Southwest Bank CEO Vernon Bryant wears a Fitbit, walks the stairs at his Fort Worth offices, and lets employees in on his progress. “It’s not unusual for him to say in a meeting, ‘I walked this many steps today,’” Carol Anderson, the bank’s senior vice president and human resources manager, says. So when the bank decided several years ago to aggressively try and contain employee healthcare costs and, by extension, health insurance premium, Bryant was all in. The payoff from various measures, ranging from raising deductibles to offering incentives like gift cards for healthy activities: annual health premium increases ranging between 5 and 7.7 percent in the last seven years, including one year with no increase.
The downside of that: “It’s a curse,” Anderson jokes, because employees expect it.
Is it possible to flatline employee health claims and insurance premium? “There’s a lot of things you can do with plan design,” says Ross Carmichael, an executive with Higginbotham, the Fort Worth benefits consulting firm that’s helped Southwest with its plan. “Where you’re seeing big savings, what you’re doing is avoiding big claims.”
Here’s a look at three Fort Worth companies and what they’ve done to put a lid on claims and contain premium.
Southwest Bank The bank, which has 300 employees and 14 locations today, began making changes to its plan after the bank’s sale in 2007.
Bryant formed a wellness committee the following year and, a fan of smoking cessation, implemented a cessation program even though the bank didn’t have many smokers. In 2008, Karen Burge joined the bank as vice president and senior HR generalist, joined the wellness committee, and began helping implement changes in the health plan. In 2009, the bank began gradually increasing its plan deductible, to the $2,500 today from $750 originally.

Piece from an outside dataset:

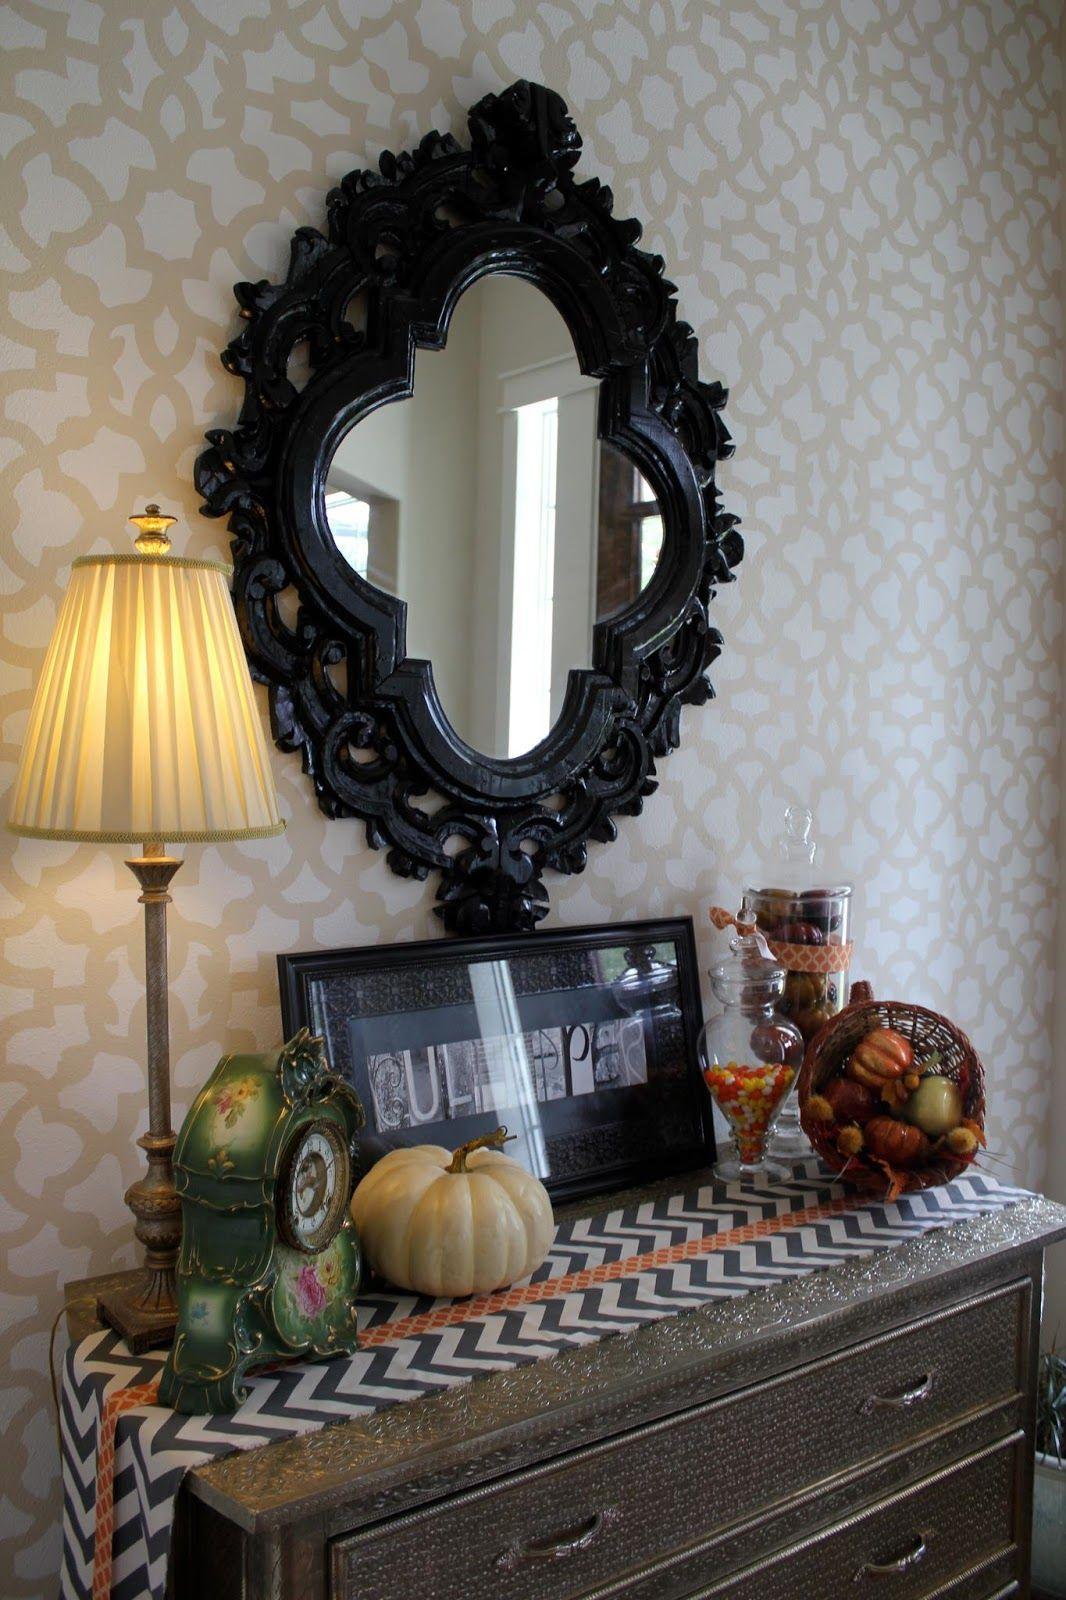 Junk Drawer Chic Home decor, Fall decor, Diy halloween

In 2011, the bank implemented a patient advocacy program through Compass, a firm that offers one-call research services to plan participants. An employee who needs an MRI, for example, can call or email Compass, which will research choices and costs among providers. Compass agents will also review medical bills and help with prescription medications. “That has worked well for us,” Anderson says.
Incentives are at the heart of the bank’s plan. Employees get $50 off their monthly insurance premium for being non-smokers or completing a cessation program. They receive another $50 monthly off their monthly premium for completing a screening and four of nine activities: survey from insurer United Healthcare; telephone or online coaching; using Compass; participating in a community event; participating in educational events like cooking classes that promote healthy habits; preventative care; receiving a flu shot or mammogram; physical activity such as running a 5K or working out three to four times per week for 30 minutes each time; or participating in one of the bank’s four annual health challenges.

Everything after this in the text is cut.